Y pocas dudas hay también de que en el futuro, lo esencial, todo lo esencial, habrá de ser debatido por el Pleno, institución que es necesario recuperar, teniendo presente que a la Comisión Permanente sólo corresponde decidir en emergencias y situaciones de urgencia o cuando haya sido habilitada expresamente por el Pleno, que es el que debe marcar la dirección y el ritmo de la marcha. Y por supuesto también es el Pleno el que habrá de abordar la organización del Notariado y la forma de elección de los nuevos Presidentes atendiendo la demanda de los notarios de a pie y abreviando ese debate eterno que los negacionistas proponen para obstaculizarlo.

"Mientras se actúe sobre estas coordenadas, El NOTARIO DEL SIGLO XXI prestará todas sus energías al logro de esos objetivos y de cuanto pueda coadyuvar al reforzamiento del papel institucional del Notariado en la sociedad"
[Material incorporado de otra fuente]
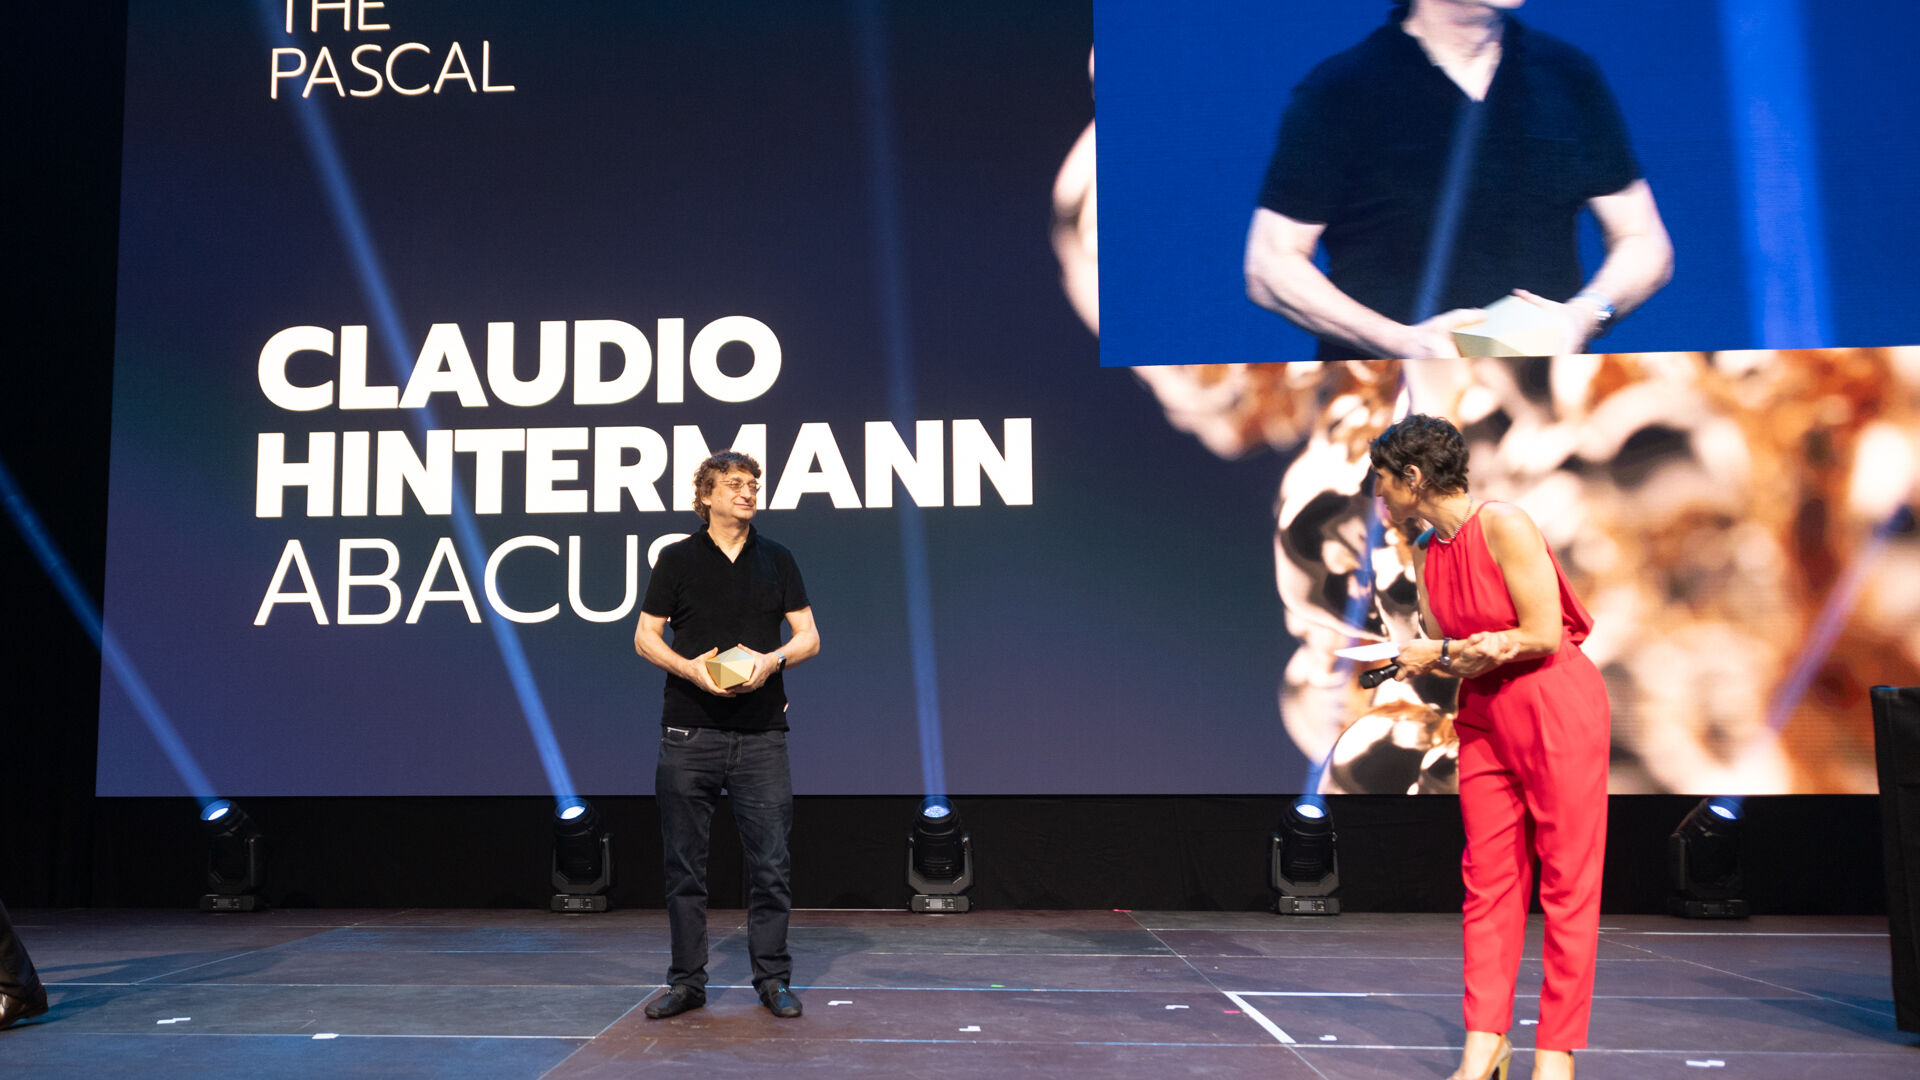 Թվային տնտեսության մրցանակ. 2023 թվականի մրցանակների շնորհանդեսը տեղի ունեցավ Շվեյցարիայի Ցյուրիխ քաղաքի Hallenstadion-ում նոյեմբերի 16-ին։
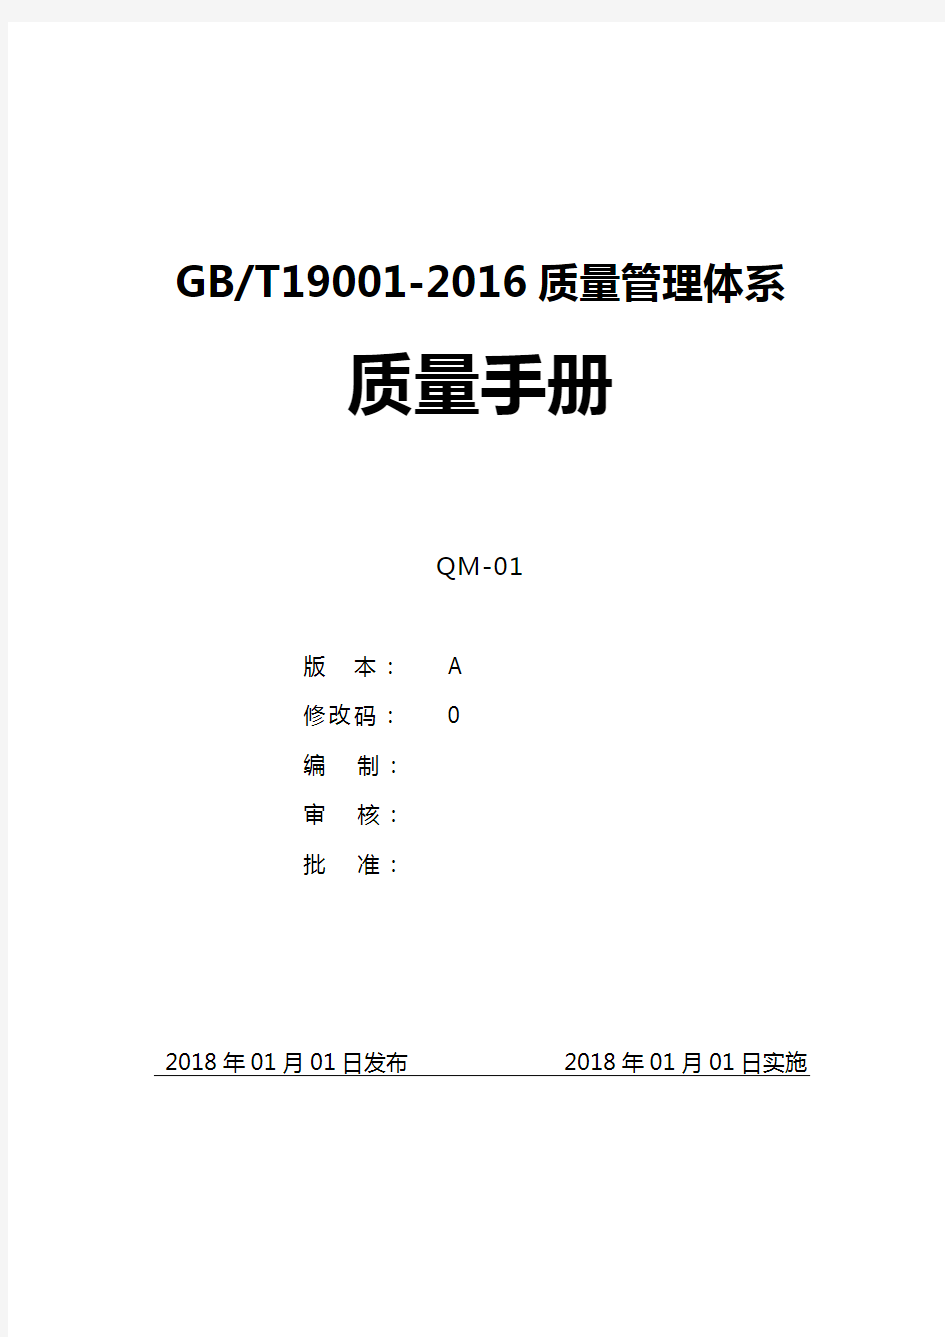 GBT19001-2016质量管理体系质量手册

Hay muchas cosas que rectificar, y muchas más que emprender. Basta repasar los acuerdos y noticias de las últimas sesiones del Consejo para advertir cómo se ha dilapidado el tiempo en infructuosos paseos por la corte y estériles debates internos, sin entrar nunca a debatir la situación del Notariado, su posición frente a otros cuerpos o los matices que deben marcar la función notarial en esta encrucijada para seguir demostrando su utilidad social.
Hay mucho que hacer. Y mientras se actúe sobre estas coordenadas, El NOTARIO DEL SIGLO XXI, en su línea de defender la esencia de la institución, aunque (en contra de todo lo que arteramente habían propalado los compensados) el Colegio de Madrid no esté en el mando, prestará todas sus energías al logro de esos objetivos y de cuanto pueda coadyuvar al reforzamiento del papel institucional del Notariado en la sociedad.